§ What is being asked
Go to the line that contains "ff52fa36e3 Carvela Kurt" and extract it along with every line after it, exactly, through the end of the data below.

§ Records for processing
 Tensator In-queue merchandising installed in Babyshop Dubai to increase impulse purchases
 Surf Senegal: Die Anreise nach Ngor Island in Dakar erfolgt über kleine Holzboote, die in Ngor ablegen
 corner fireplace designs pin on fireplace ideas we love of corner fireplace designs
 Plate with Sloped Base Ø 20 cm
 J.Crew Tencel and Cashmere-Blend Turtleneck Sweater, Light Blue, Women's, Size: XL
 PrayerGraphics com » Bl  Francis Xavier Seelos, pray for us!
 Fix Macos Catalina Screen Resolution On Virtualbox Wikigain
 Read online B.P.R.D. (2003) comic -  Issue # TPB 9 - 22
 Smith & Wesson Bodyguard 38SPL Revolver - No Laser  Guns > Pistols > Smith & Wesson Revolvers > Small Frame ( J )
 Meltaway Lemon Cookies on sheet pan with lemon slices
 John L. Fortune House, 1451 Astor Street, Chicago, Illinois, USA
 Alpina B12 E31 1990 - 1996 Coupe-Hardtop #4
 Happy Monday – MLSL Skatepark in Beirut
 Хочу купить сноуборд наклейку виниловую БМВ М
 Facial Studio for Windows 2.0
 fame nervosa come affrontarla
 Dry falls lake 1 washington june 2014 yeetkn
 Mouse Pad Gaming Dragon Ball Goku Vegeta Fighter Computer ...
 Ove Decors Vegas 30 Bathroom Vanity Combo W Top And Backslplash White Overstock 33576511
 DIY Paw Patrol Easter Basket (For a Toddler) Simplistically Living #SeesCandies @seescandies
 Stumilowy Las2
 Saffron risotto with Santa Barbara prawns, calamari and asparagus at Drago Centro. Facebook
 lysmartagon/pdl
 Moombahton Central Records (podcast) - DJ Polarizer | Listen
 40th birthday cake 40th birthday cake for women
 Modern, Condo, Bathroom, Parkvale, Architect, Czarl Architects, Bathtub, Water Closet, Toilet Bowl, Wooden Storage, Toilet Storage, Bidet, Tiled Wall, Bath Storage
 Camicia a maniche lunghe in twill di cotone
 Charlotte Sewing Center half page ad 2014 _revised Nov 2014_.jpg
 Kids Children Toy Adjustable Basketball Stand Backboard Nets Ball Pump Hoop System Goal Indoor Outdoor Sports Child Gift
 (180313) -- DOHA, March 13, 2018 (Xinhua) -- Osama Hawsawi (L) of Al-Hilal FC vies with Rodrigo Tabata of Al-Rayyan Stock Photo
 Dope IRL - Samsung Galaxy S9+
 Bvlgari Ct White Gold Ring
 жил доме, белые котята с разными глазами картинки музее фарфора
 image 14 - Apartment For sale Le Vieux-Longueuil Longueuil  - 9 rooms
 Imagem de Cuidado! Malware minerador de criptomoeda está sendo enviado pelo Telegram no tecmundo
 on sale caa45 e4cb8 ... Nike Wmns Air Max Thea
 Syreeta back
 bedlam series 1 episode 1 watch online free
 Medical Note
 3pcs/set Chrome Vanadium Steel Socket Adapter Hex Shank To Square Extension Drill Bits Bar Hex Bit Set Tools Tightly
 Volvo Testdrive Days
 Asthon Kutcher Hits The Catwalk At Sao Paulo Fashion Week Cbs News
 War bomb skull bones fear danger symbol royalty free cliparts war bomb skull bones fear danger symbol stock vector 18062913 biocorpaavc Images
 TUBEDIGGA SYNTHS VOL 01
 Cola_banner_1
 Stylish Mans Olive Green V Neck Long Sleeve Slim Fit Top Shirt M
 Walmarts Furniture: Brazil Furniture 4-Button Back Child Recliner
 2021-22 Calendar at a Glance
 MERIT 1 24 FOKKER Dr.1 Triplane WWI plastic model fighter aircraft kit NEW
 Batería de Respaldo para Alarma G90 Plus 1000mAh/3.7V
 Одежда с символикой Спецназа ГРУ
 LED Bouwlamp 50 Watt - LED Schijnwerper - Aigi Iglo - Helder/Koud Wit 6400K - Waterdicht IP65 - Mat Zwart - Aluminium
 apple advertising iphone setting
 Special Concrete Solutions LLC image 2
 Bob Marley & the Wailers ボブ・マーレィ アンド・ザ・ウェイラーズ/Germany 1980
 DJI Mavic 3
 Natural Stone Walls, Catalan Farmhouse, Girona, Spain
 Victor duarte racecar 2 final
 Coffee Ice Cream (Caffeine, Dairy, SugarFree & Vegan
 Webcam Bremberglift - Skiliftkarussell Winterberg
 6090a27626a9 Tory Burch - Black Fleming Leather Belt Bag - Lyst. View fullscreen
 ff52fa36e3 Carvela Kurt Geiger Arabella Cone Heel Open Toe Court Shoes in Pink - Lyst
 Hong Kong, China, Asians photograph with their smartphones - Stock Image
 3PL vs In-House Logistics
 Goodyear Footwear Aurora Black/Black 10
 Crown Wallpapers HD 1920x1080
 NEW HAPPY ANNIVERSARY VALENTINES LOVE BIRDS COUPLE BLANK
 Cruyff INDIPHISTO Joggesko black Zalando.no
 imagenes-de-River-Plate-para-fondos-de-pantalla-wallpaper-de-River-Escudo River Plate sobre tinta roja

§ Exercise solution
 ff52fa36e3 Carvela Kurt Geiger Arabella Cone Heel Open Toe Court Shoes in Pink - Lyst
 Hong Kong, China, Asians photograph with their smartphones - Stock Image
 3PL vs In-House Logistics
 Goodyear Footwear Aurora Black/Black 10
 Crown Wallpapers HD 1920x1080
 NEW HAPPY ANNIVERSARY VALENTINES LOVE BIRDS COUPLE BLANK
 Cruyff INDIPHISTO Joggesko black Zalando.no
 imagenes-de-River-Plate-para-fondos-de-pantalla-wallpaper-de-River-Escudo River Plate sobre tinta roja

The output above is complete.